Mise en évidence de la crise K/T, à partir des microfossiles (ex. d’affleurement en France,
la plage de Bidart au Pays Basque) : les couches du Maastrichtien sup. sont riches en
Globotruncanidés et en Hétérohélécidés, qui disparaissent dans les couches du Danien, au
profit des Globigérinidés. A partir de l’étude simple de deux lames minces nous mettons en
évidence la disparition d’espèces et leur renouvellement après une crise. Quelles sont les
causes de ces remaniements de la biodiversité ?
a) A la recherche des causes des crises biologiques
La crise biologique actuelle, conséquence des activités humaines, le montre bien : les
espèces biologiques disparaissent en réponse aux changements de leur milieu de vie, auxquels
elles ne sont pas adaptées. Ici, nous partons à la recherche des grands évènements naturels
susceptibles d’avoir modifié l’environnement des espèces et causé leur extinction, à l’époque
des grandes crises. Plusieurs causes, parfois contemporaines, sont identifiées :
Les météorites : des traces d’impact de météorites ont été trouvées pour les
crises K/T, P/T, T/J. L’exemple le plus connu est le cas du cratère du Chicxulub, au
Mexique, qui serait une des causes possibles de la crise K/T. En plus de ce cratère, la
limite K/T se caractérise stratigraphiquement par une concentration anormalement
élevée en Iridium, un élément caractéristique des météorites. L’anomalie en Iridium
est mondiale. La limite K/T est également enrichie en spinelle nickélifère, et en
minéraux choqués.
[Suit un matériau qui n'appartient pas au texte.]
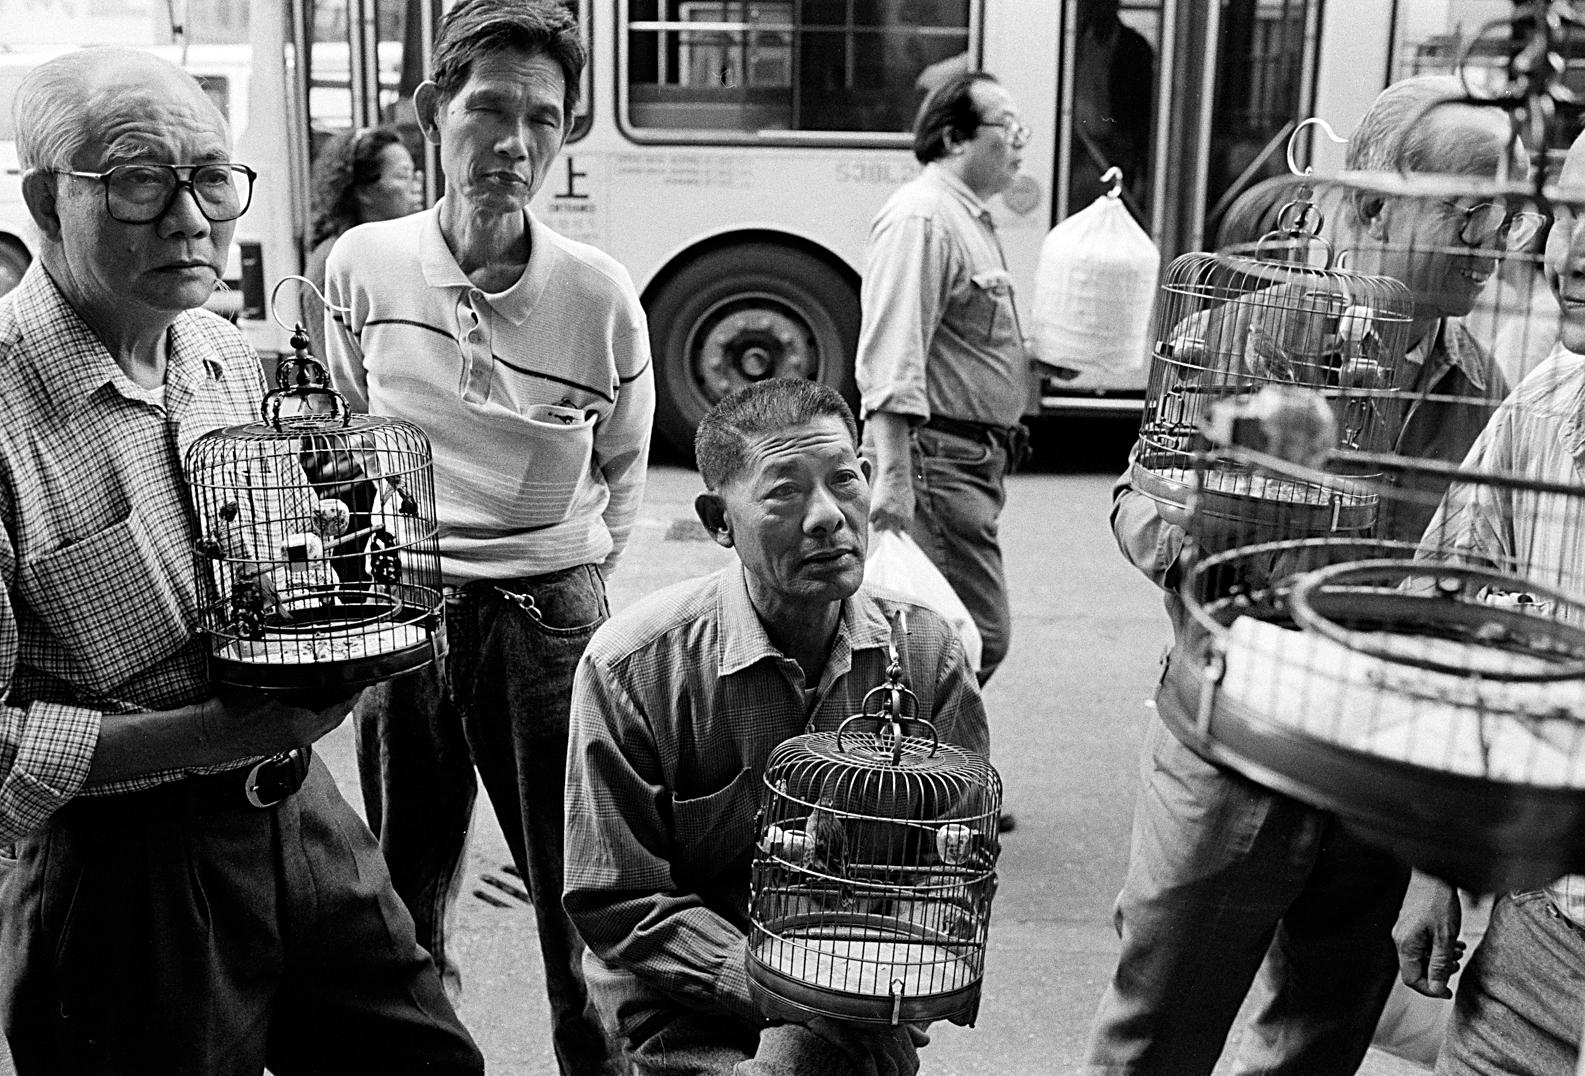 hk_birdmen_untitled_20130804.jpg

Les impacts de météorite dégagent de la poussière dans
l’atmosphère, entraînant une baisse des températures ; ils génèrent des tsunamis si
l’impact a lieu dans l’océan ; ils entraînent la vaporisation de plusieurs éléments
contenus dans les roches ou la biomasse (composés destructeurs de la couche
d’Ozone, Soufre contenu dans le gypse (diminution de la T°), CO2 contenu dans les
carbonates (augmentation de la T°).
Les trapps : De grands épanchements volcaniques sont mis en place de façon
contemporaine aux plus grandes crises : les trapps du Deccan pour la crise K/T (2.4.
106 km3); les trapps de Sibérie pour la crise P/T (>3. 106 km3 initialement); la province
magmatique de l’Atlantique central pour la crise T/J (2. 106 km3). Les datations radio-
chronologiques sont capitales pour relier une province magmatique à la crise
correspondante. Ces éruptions importantes relarguent elles aussi des poussières dans
l’atmosphère, du soufre, du CO2. L’altération des trapps consomme du CO2.
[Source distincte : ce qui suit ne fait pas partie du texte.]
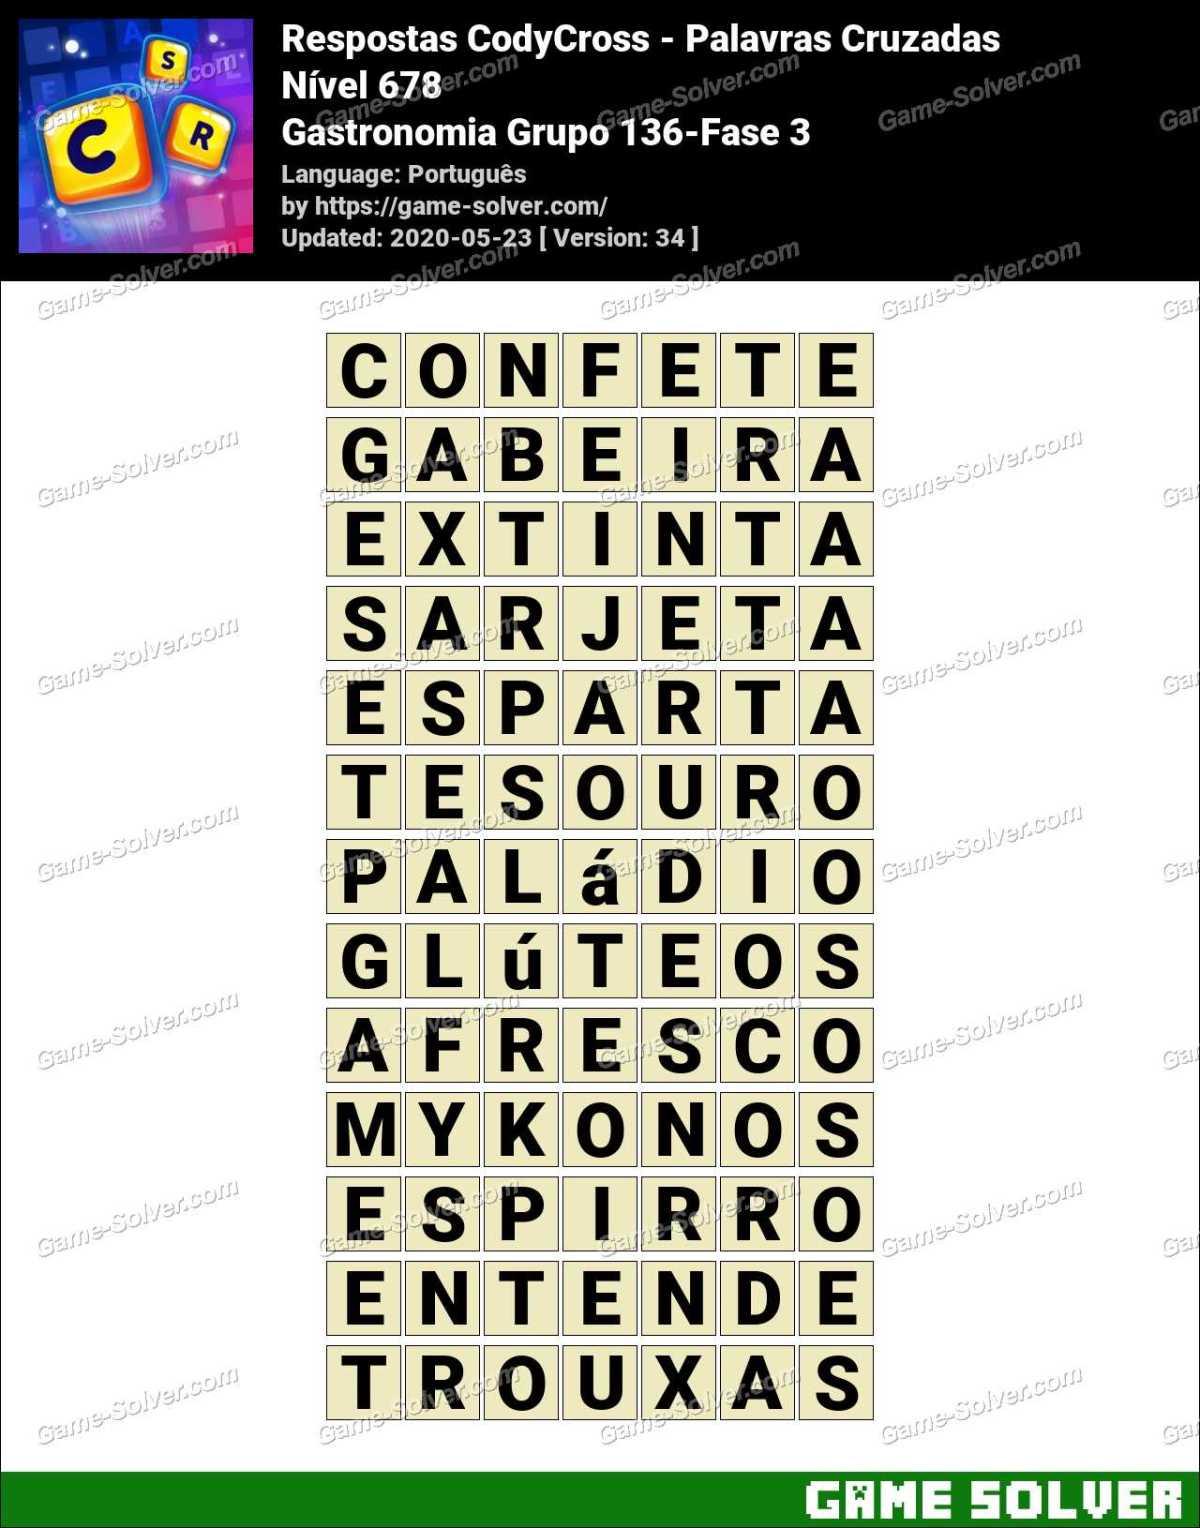 Respostas CodyCross Gastronomia Grupo 136-Fase 3

(Le Soufre entraîne une diminution de la T° sur 100 ans env. ; le CO2 entraîne
une augmentation de la T° sur 1000 ans env.)
Les variations du niveau marin (NM) et les glaciations : il existe une
corrélation entre les crises et les variations du niveau marin. Les zones de plate-forme
continentales sont parmi celles qui concentrent la plus grande biodiversité, et sont
donc les plus sensibles en terme d’extinction. Par exemple, au Permien moyen, le
niveau des mers était l’un des plus hauts jamais atteints, environ 200 m au dessus du
niveau actuel. Le niveau marin chuta progressivement de 280 à 250 Ma d’environ 250
m, émergeant ainsi la plupart des domaines de plate-forme continentale, où était
concentré l’essentiel de la biodiversité. Les espèces marines ont donc été plus
affectées que les espèces continentales lors de la crise Permo-Trias. Les espèces fixes
(ex. crinoïdes) ont été plus affectées que les espèces mobiles. La baisse du NM
entraîne une compétition biologique accrue sur la plate forme.
Une glaciation est retenue comme la principale cause de la crise
Ordovicienne : les changements climatiques, les variations du NM consécutives, et
l’arrivée d’eaux appauvries en oxygène sur le plateau continental lors de la
déglaciation auraient été fatals à de nombreuses espèces.
La tectonique des plaques : les migrations des continents favorise le
développement des eaux océaniques profondes et froides (moins soumises aux
changements), modifie la composition chimique des océans et en perturbe les
courants ; elle provoque des collisions et la formation d’isthmes, lesquels favorisent
les migrations et les compétitions entre les espèces.